= Aim of the exercise =
Please repeat only the lines below starting at the line that holds "Chewy Vuiton Bone White LG" and ending at the line that holds "Beli Buku Khadijah Tok Selehor", exactly, with both of those lines included and every picture omitted.

--- Records for this task Enclosed Below ---

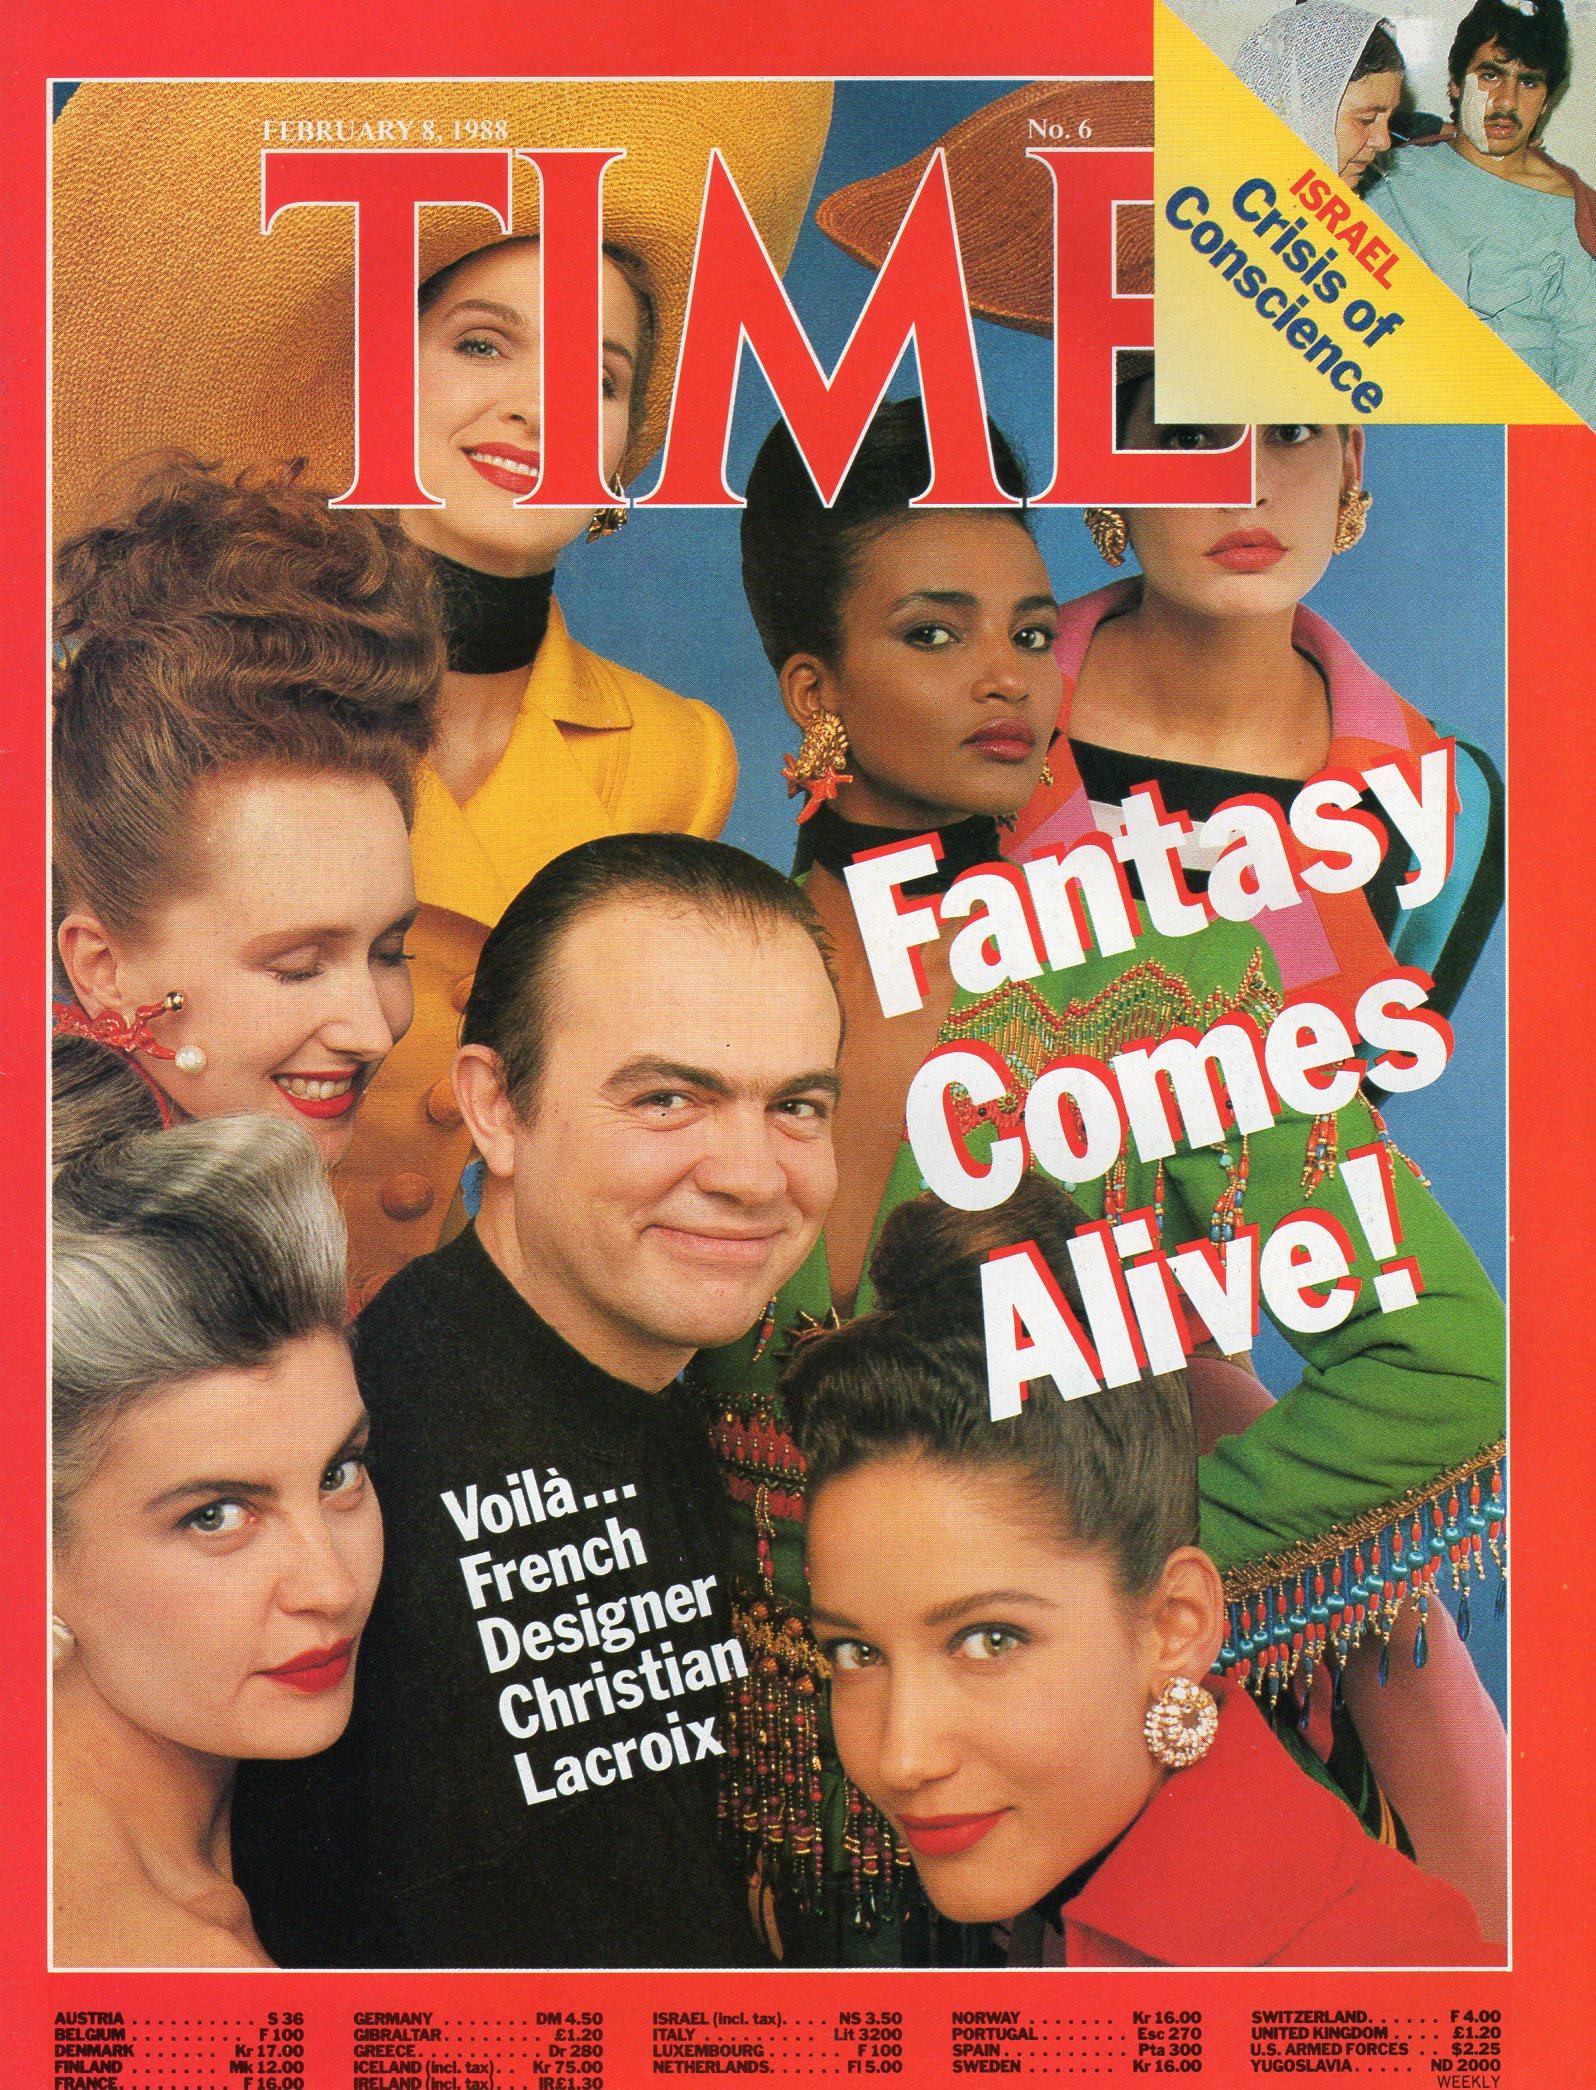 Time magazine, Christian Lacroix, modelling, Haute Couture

--- End of Enclosed Records for this task ---
--- Records for this task Enclosed Below ---

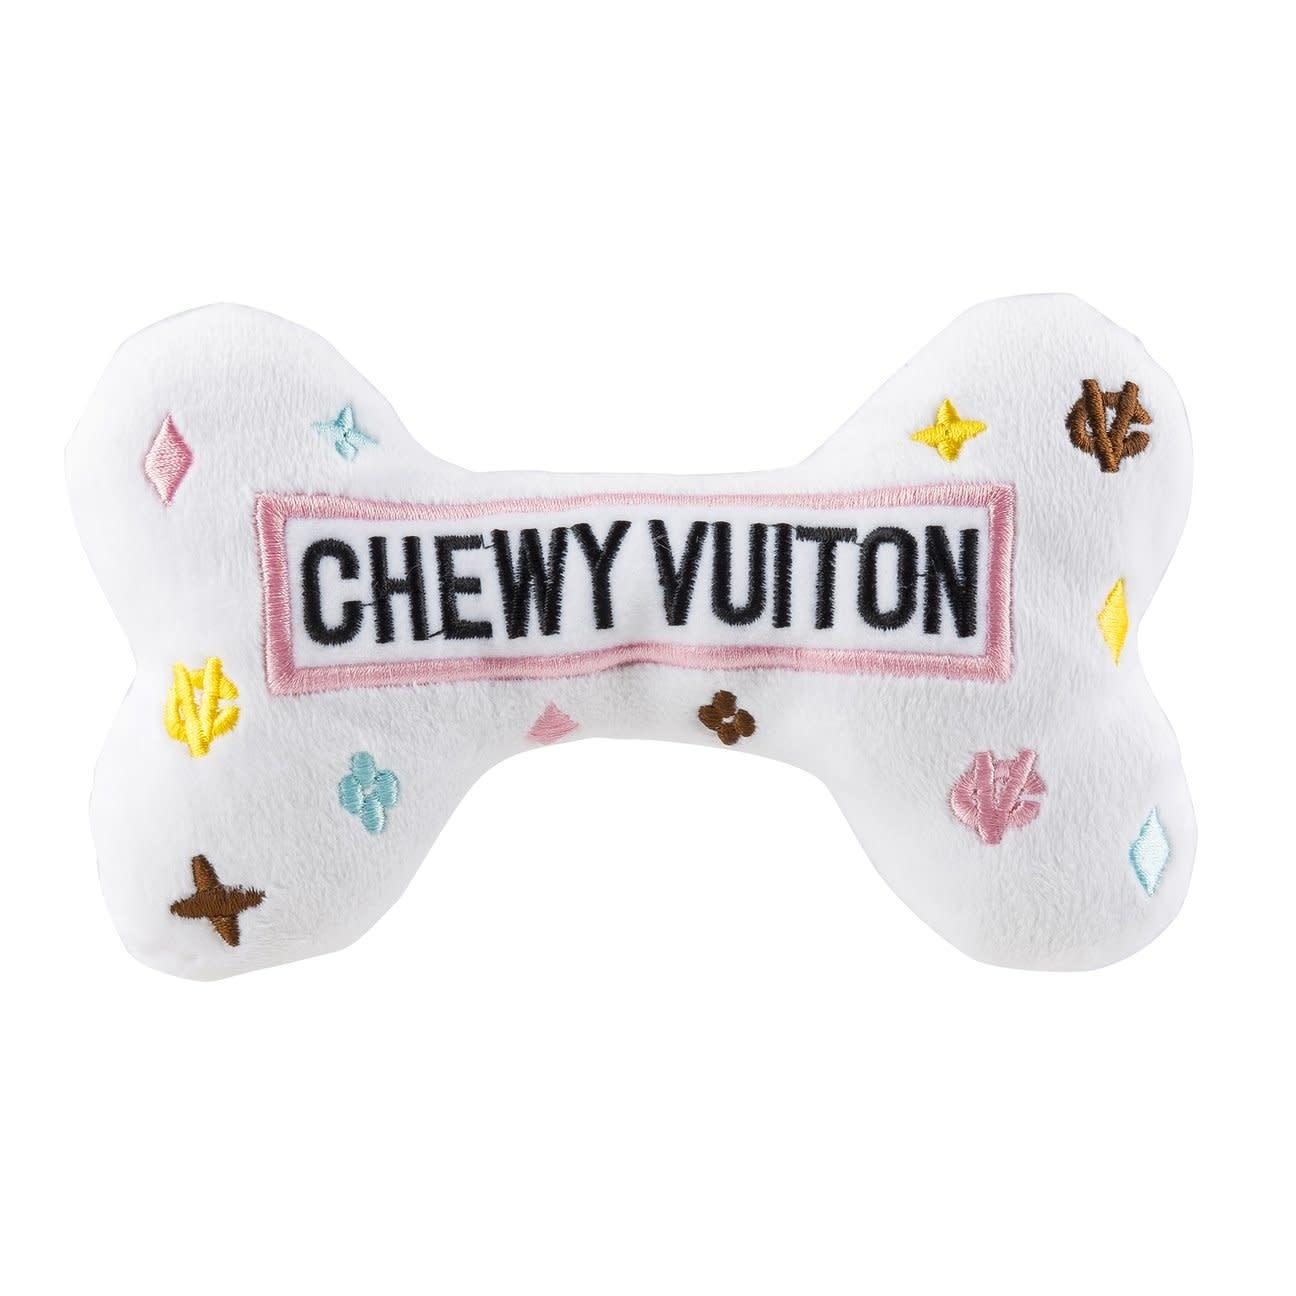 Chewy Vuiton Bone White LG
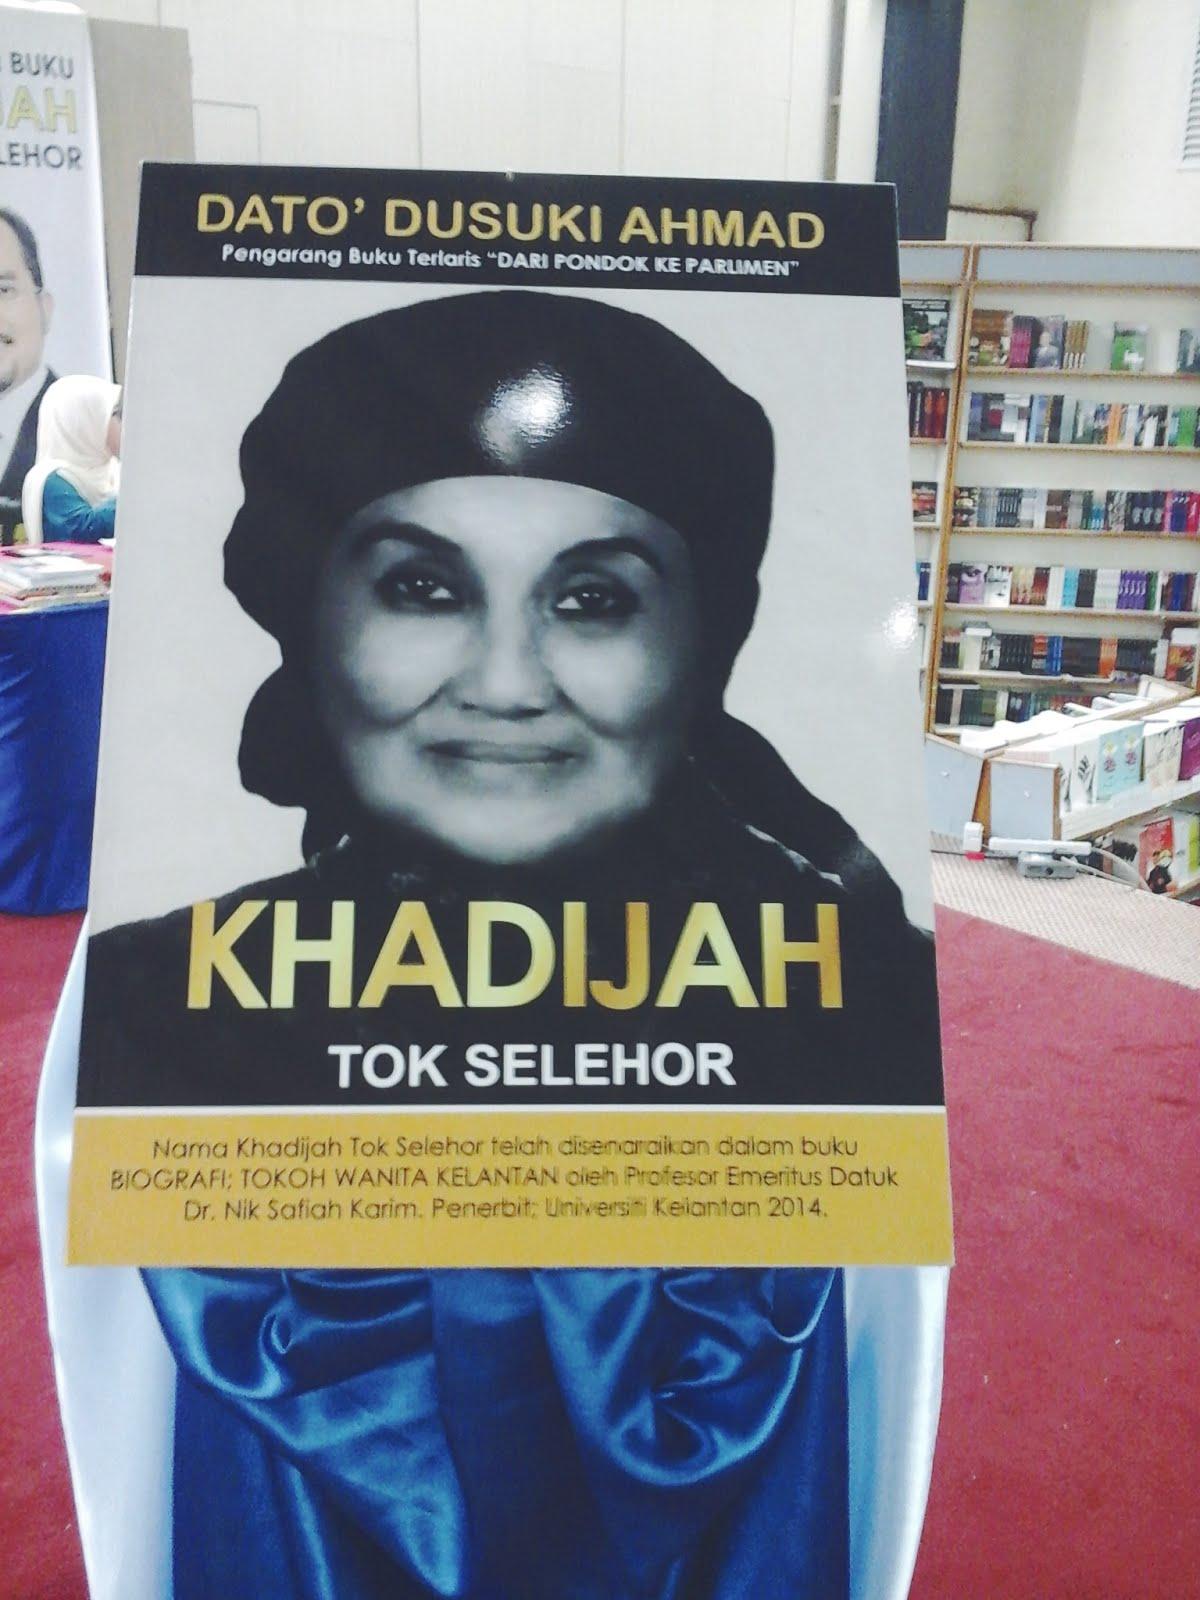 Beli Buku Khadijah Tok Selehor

--- End of Enclosed Records for this task ---
--- Records for this task Enclosed Below ---

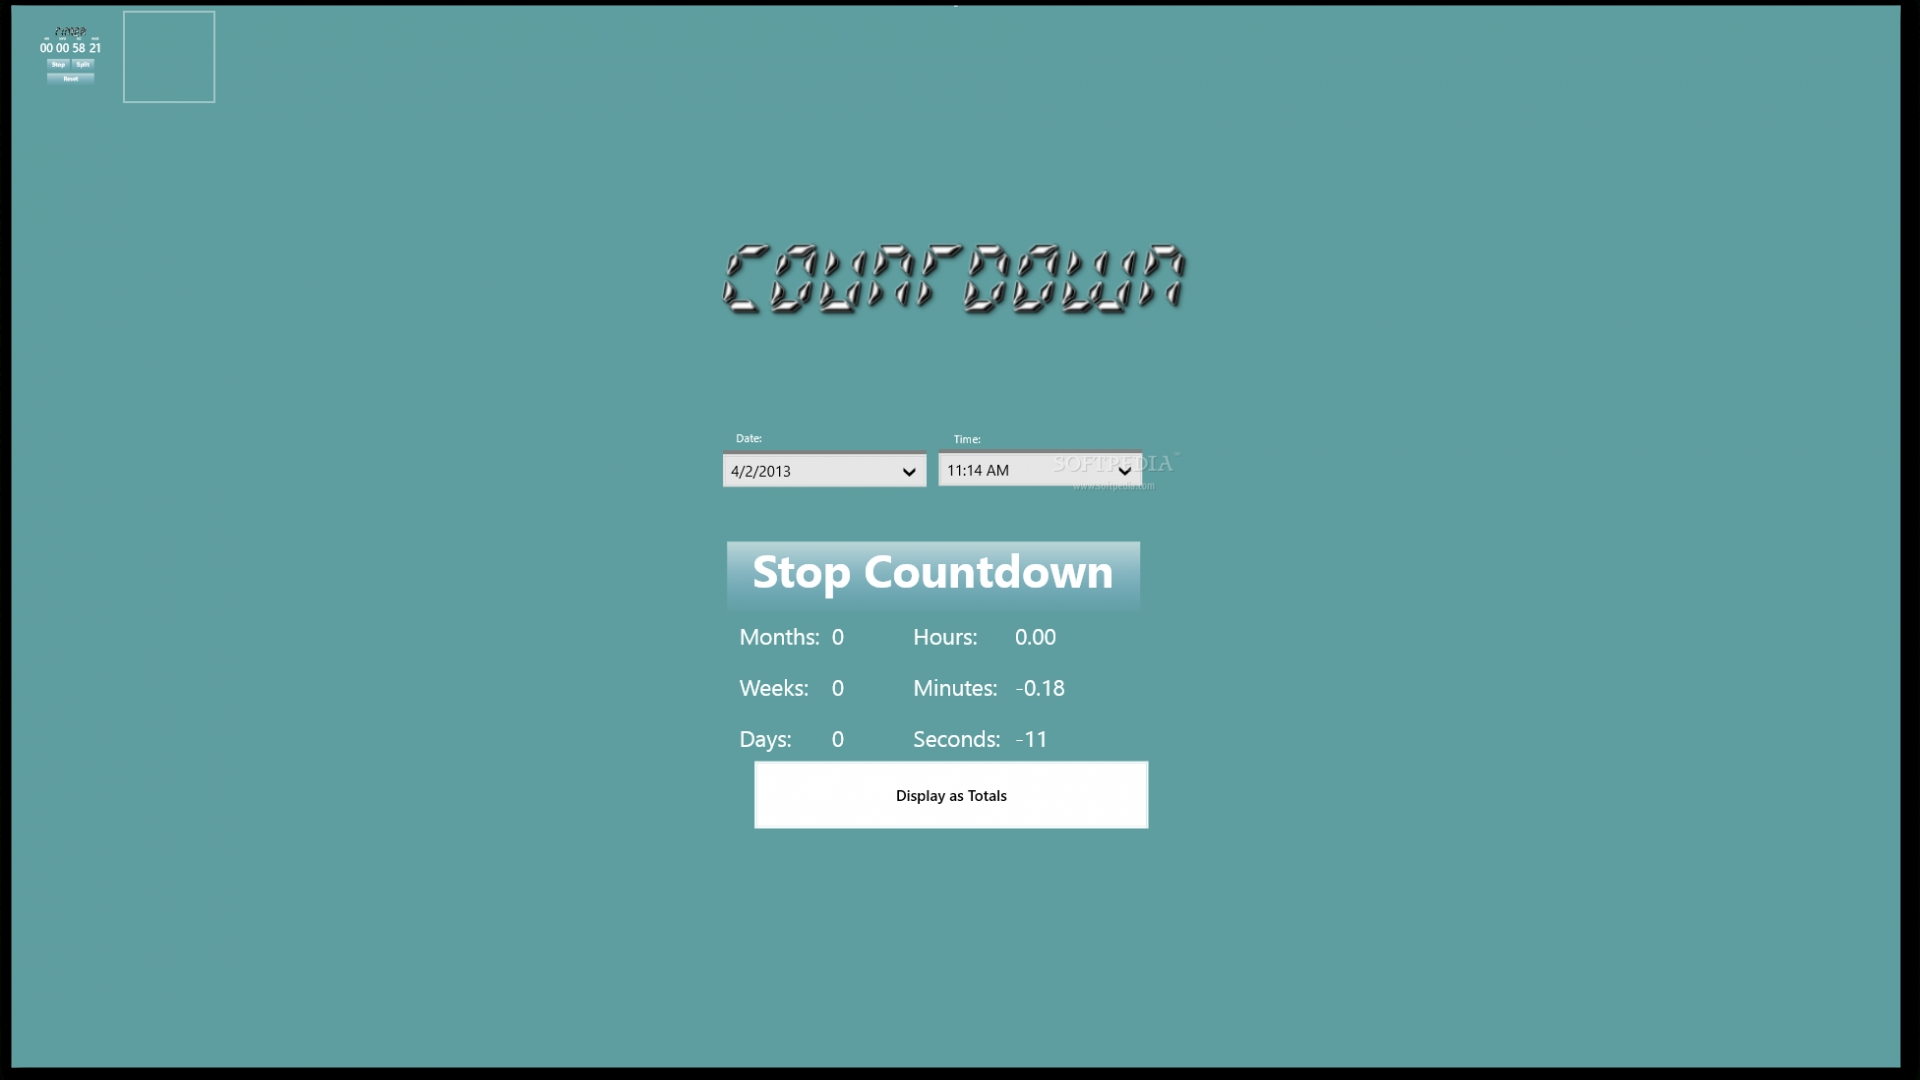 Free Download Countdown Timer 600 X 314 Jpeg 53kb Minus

--- End of Enclosed Records for this task ---

= Answer area =
 Chewy Vuiton Bone White LG
 Beli Buku Khadijah Tok Selehor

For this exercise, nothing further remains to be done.